Choosing Instead of Placing

Rethinking math courses should go hand-in-hand with shifting the way schools think about assigning students to courses, Daro and Asturias wrote in the new report. Instead of “placing” students in classes based on adults’ perceptions of their mastery, schools should engage in a dialogue with students, asking what their career goals are and offering information about each math pathway so students and their families can decide the best match.

That approach will likely mean that many students need support to be successful in their chosen math classes, the report said, so schools will have to provide things like summer bridge courses, or classes that students can take alongside their regular math classes—a model colleges call “co-requisite” courses—instead of getting mired in remedial math courses.

Teachers will need to shift instructional strategies as well, from a model that values the students who quickly raise their hands to a model that encourages “curious and thoughtful” dialogue that includes all students, the report says. Teachers and counselors will need to work with students to heal their “damaged math identities,” it said, since so many students, ill-suited to the classic math course progression, end up feeling like they’re bad at math.

For the new kinds of courses and sequences to work in high school, colleges will have to embrace supportive policies, the report said. Too often, colleges require completion of Algebra 2, or use calculus as a “signal” of students’ potential, the report said. Some universities are starting to crack those doors open, dropping the Algebra 2 expectation and using courses like Advanced Placement statistics as signs of a wider variety of math mastery, the report said.

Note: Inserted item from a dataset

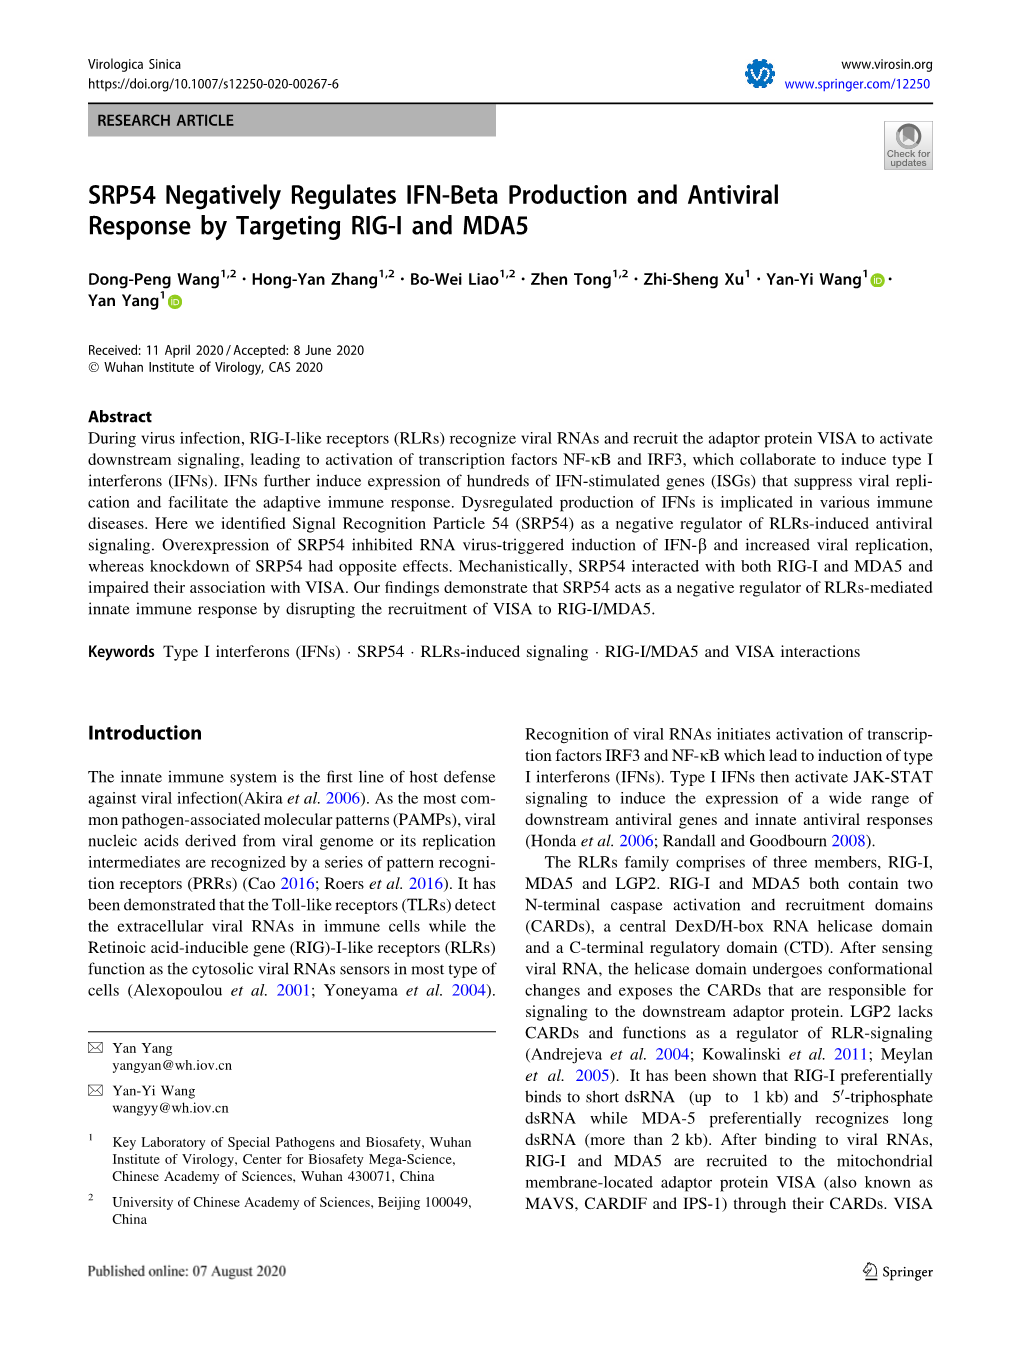 SRP54 Negatively Regulates IFN-Beta Production and Antiviral Response by Targeting RIG-I and MDA5

The themes in the new report aren’t new. “Catalyzing Change in High School Mathematics,” released last year by the National Council of Teachers of Mathematics, urged schools to end tracking and create new pathways that would have shared courses for the first two years, and then diverge into various options in students’ third and fourth years that reflect their goals and interests.

joint statement in 2012 by NCTM and the Mathematics Association of America urged schools to leave calculus to universities, and cultivate high school students’ expertise in algebra, geometry, and trigonometry.